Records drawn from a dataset

======

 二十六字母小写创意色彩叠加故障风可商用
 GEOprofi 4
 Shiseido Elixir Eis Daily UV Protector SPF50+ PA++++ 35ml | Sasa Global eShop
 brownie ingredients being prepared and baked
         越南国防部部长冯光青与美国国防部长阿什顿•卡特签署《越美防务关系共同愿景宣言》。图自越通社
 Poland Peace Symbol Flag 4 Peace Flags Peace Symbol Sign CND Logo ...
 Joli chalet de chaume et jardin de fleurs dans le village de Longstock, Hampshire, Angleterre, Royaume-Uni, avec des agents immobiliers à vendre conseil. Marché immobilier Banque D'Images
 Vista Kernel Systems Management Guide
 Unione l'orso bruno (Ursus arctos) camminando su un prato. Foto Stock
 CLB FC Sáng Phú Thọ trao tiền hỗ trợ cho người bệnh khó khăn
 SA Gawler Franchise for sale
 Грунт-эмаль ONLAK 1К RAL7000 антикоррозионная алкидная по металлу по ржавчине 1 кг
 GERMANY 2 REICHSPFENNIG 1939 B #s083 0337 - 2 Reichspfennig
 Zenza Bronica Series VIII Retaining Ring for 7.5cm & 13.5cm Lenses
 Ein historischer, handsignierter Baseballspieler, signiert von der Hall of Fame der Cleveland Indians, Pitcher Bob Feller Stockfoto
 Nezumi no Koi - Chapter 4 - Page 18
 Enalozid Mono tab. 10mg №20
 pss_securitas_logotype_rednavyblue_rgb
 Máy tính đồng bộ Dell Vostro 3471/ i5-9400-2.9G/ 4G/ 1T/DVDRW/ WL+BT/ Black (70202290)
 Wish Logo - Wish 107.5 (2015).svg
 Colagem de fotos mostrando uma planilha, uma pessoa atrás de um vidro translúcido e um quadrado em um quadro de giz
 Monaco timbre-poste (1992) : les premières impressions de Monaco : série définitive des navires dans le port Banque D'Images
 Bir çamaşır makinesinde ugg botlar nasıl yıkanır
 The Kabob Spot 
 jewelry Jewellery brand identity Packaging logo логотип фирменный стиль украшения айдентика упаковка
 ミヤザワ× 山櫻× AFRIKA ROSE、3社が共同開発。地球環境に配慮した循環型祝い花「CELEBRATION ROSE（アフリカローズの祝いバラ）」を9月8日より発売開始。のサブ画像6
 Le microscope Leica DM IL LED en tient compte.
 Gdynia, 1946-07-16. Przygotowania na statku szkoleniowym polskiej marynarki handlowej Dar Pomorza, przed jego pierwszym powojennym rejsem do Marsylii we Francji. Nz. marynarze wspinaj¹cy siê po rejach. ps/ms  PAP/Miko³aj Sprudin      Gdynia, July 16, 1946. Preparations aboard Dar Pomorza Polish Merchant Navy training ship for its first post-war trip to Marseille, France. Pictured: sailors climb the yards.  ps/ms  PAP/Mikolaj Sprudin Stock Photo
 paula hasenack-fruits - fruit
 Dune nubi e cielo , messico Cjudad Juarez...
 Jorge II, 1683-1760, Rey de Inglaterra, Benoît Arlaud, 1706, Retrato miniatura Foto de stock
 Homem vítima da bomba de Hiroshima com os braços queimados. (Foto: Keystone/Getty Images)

======

Print the records above verbatim from their first line to the line containing "Zenza Bronica Series", both included, and stop there.

 二十六字母小写创意色彩叠加故障风可商用
 GEOprofi 4
 Shiseido Elixir Eis Daily UV Protector SPF50+ PA++++ 35ml | Sasa Global eShop
 brownie ingredients being prepared and baked
         越南国防部部长冯光青与美国国防部长阿什顿•卡特签署《越美防务关系共同愿景宣言》。图自越通社
 Poland Peace Symbol Flag 4 Peace Flags Peace Symbol Sign CND Logo ...
 Joli chalet de chaume et jardin de fleurs dans le village de Longstock, Hampshire, Angleterre, Royaume-Uni, avec des agents immobiliers à vendre conseil. Marché immobilier Banque D'Images
 Vista Kernel Systems Management Guide
 Unione l'orso bruno (Ursus arctos) camminando su un prato. Foto Stock
 CLB FC Sáng Phú Thọ trao tiền hỗ trợ cho người bệnh khó khăn
 SA Gawler Franchise for sale
 Грунт-эмаль ONLAK 1К RAL7000 антикоррозионная алкидная по металлу по ржавчине 1 кг
 GERMANY 2 REICHSPFENNIG 1939 B #s083 0337 - 2 Reichspfennig
 Zenza Bronica Series VIII Retaining Ring for 7.5cm & 13.5cm Lenses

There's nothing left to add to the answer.